A Quiet Place In The Country (1968) dir. Elio Petri
Starring: Franco Nero, Vanessa Redgrave

**

By Greg Klymkiw

This is a strange, perverse, but ultimately pretentious Repulsion-styled thriller with Franco Nero as an artist who is going completely out of his mind and may or may not be haunted by the ghost of a woman he may or may not have murdered. His patron is a wealthy woman played by Vanessa Redgrave. He may or may not be having sex with her. The movie is replete with plenty of cool images, an amazing Ennio Morricone score and more nudity from Vanessa Redgrave than I ever thought humanly possibly. And it's great nudity, too. What a babe!

That said, I really couldn't make any sense of this. It's not suspenseful enough to work fully as a thriller - especially since its plot is such a mess - and it's not much of an art house item (or is, depending upon how you feel about arthouse picture) as it feels annoyingly, boneheadedly precious.

As a "head" film in the tradition of Alejandro Jodorowsky's El Topo or Holy Mountain, it also doesn't really cut the mustard since it never feels like it's about ANYTHING. Whether one is willing to acknowledge that Jodorowsky makes movies that ARE about something is not at issue here, they at least feel like they MIGHT be about something.

A Quiet Place in the Country is an overwrought acid trip that I ultimately didn't "get", but it's a definite curiosity piece and well worth seeing on that basis alone.

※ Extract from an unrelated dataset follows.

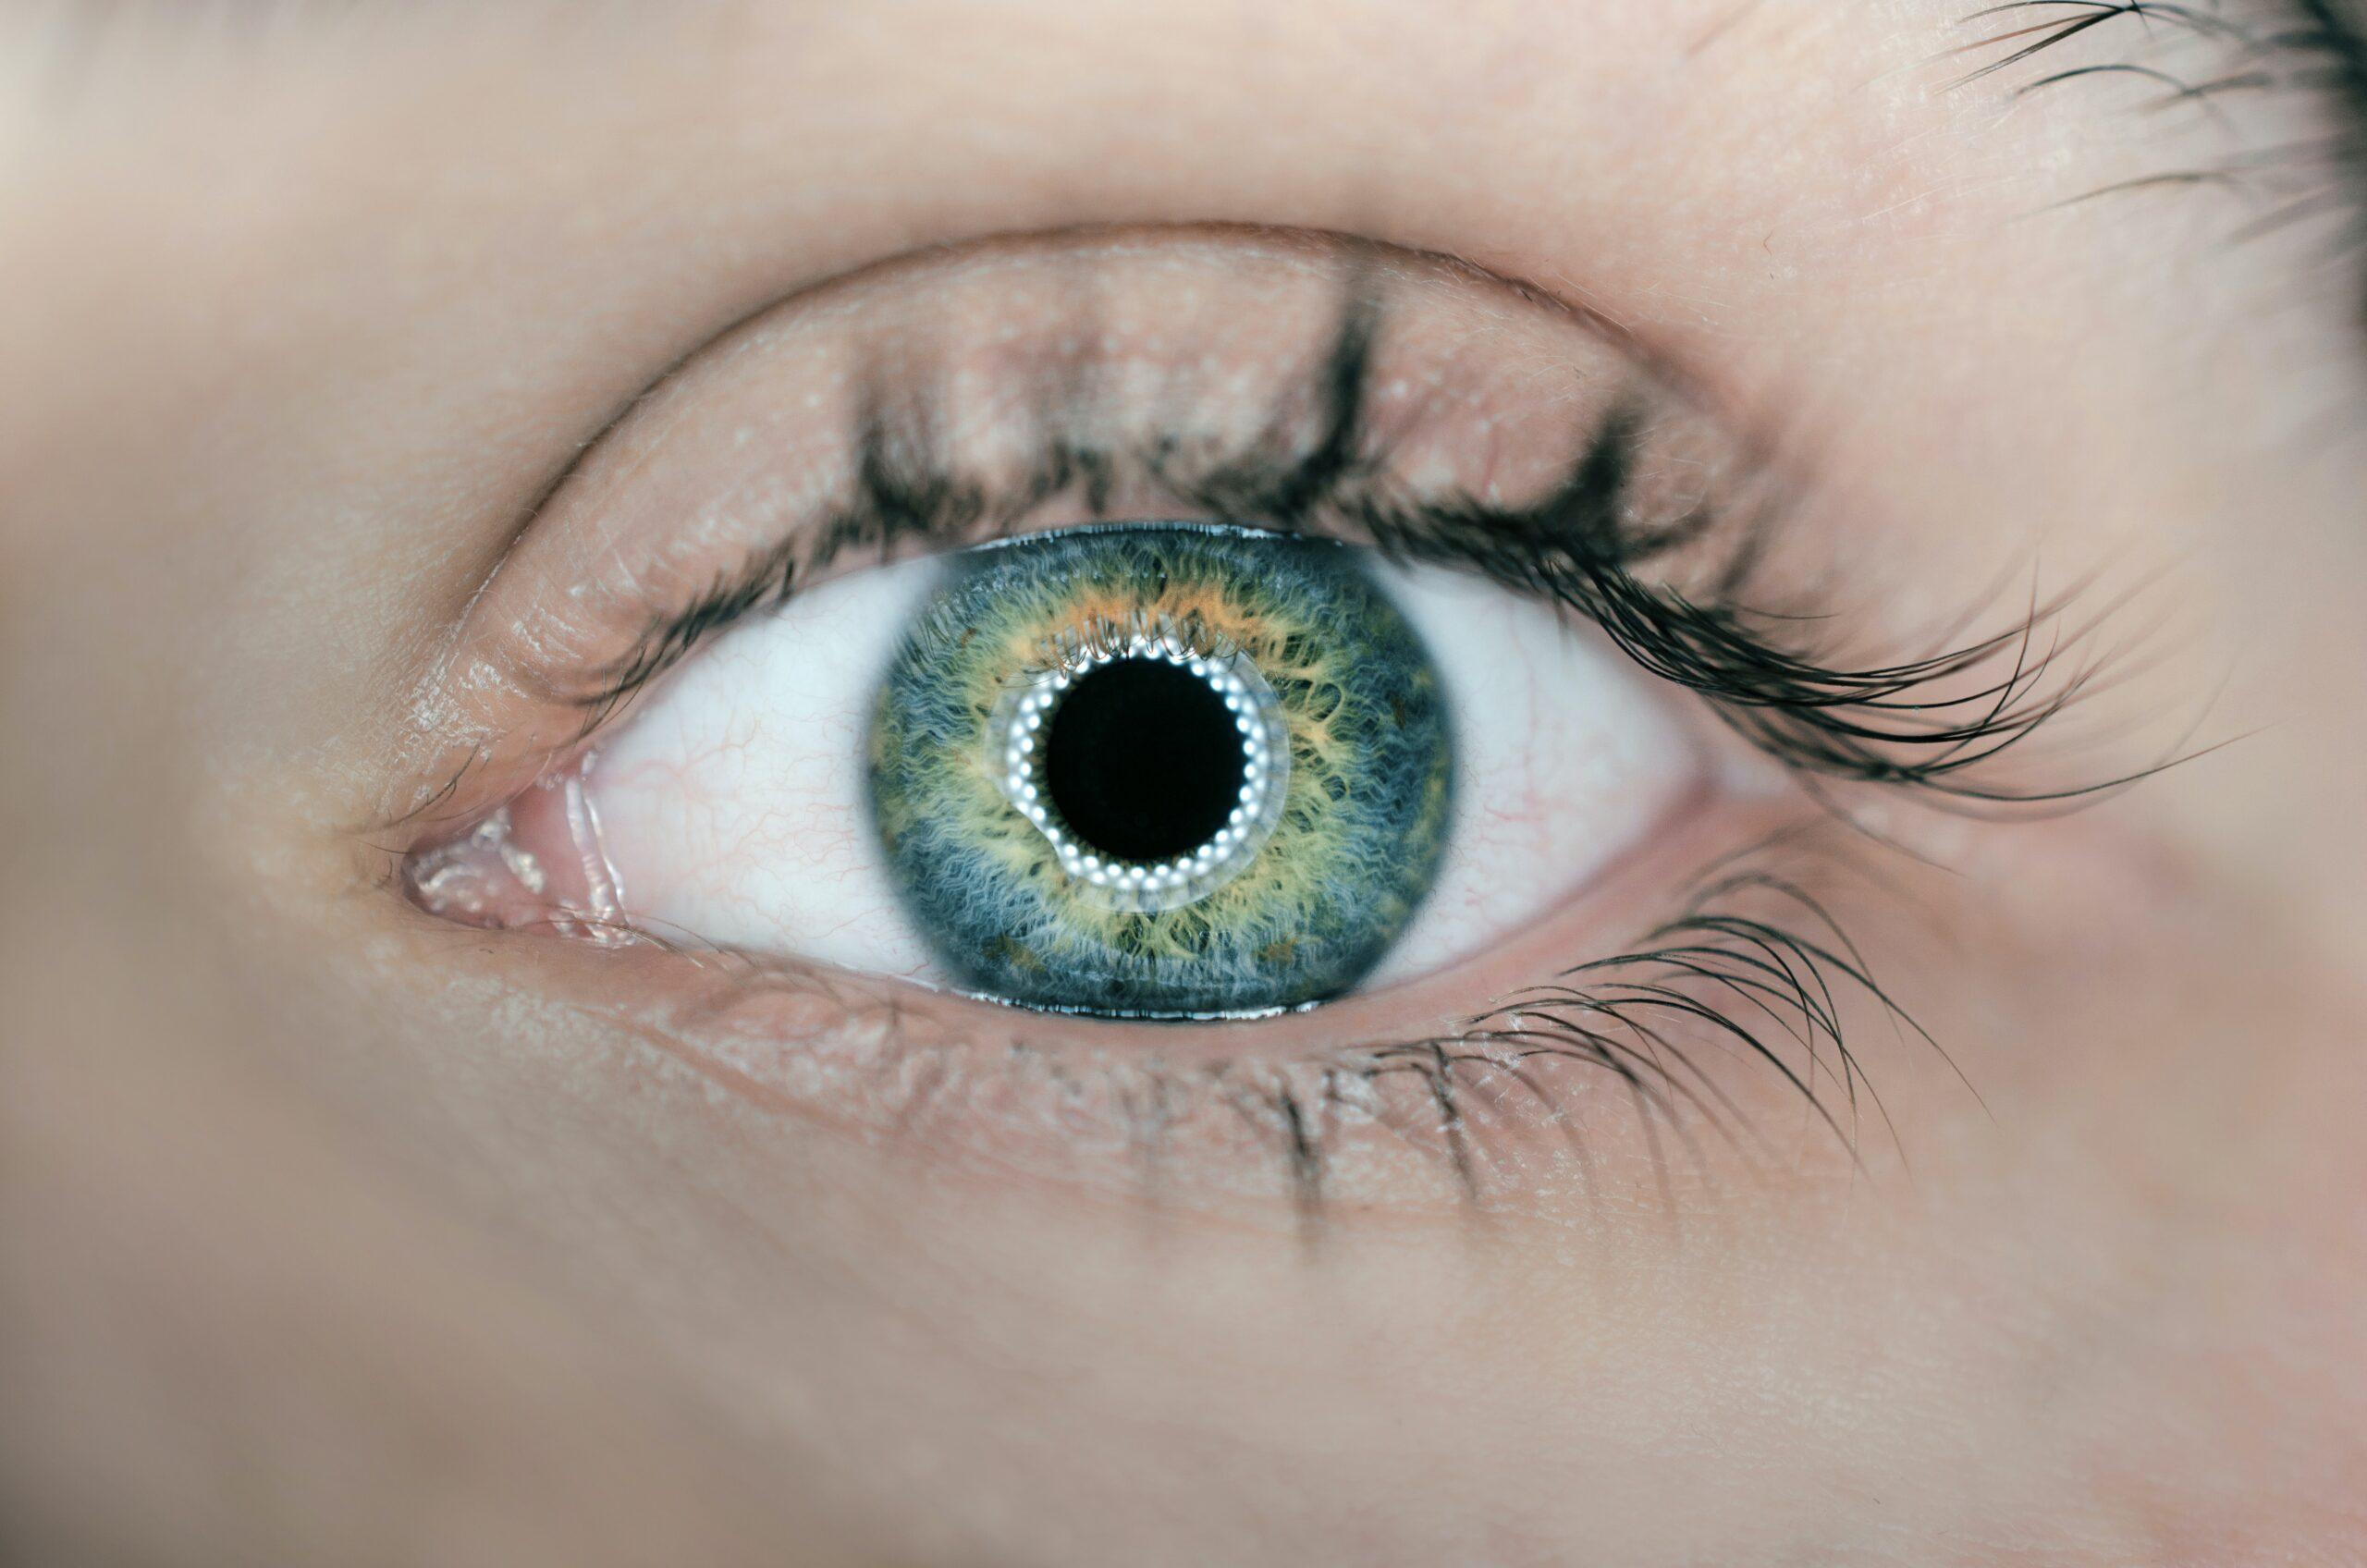 c-eye-cyber-oko

I might actually even watch it again.

Just to see if I missed something.

Just to see if it might be better than I'm giving it credit for. Or not.

It still makes for compelling viewing. One can't say that about too many movies as flawed and head-scratching as this one is. And it's one of the only films I find Vanessa Redgrave to be really sexy in.

Genuinely sexy.

That's something, mais non?

A Quiet Place in the Country is also part of the MGM DVD-R on-demand series. It's a decent transfer from excellent source material and available either through special order online or at specialty video retailers. In Toronto, Canada the best places to purchase such titles directly in a retail setting are at the Sunrise Records flagship store at Yonge and Dundas and the resurrected Starstruck Video at Dundas and Tomken.

2 comments :

D said...

thanks for posting... i'll have to check this out! Truly a genius, Jodorowsky opened my eyes to the concept of film as a visual art form rather than another method of telling a story. In a way his films require a new word because no genre fits them... like Moving Paintings of Zen-Psychedelia or something.

Greg Klymkiw said...

Well, "D", don't expect the Elio Petri picture to be in the same league as Jodorowsky, though I love your use of the phrases Moving Paintings and Zen-Psychedelia. Both are apt for Jodorowsky, but only the former would be worth applying to the Petri picture.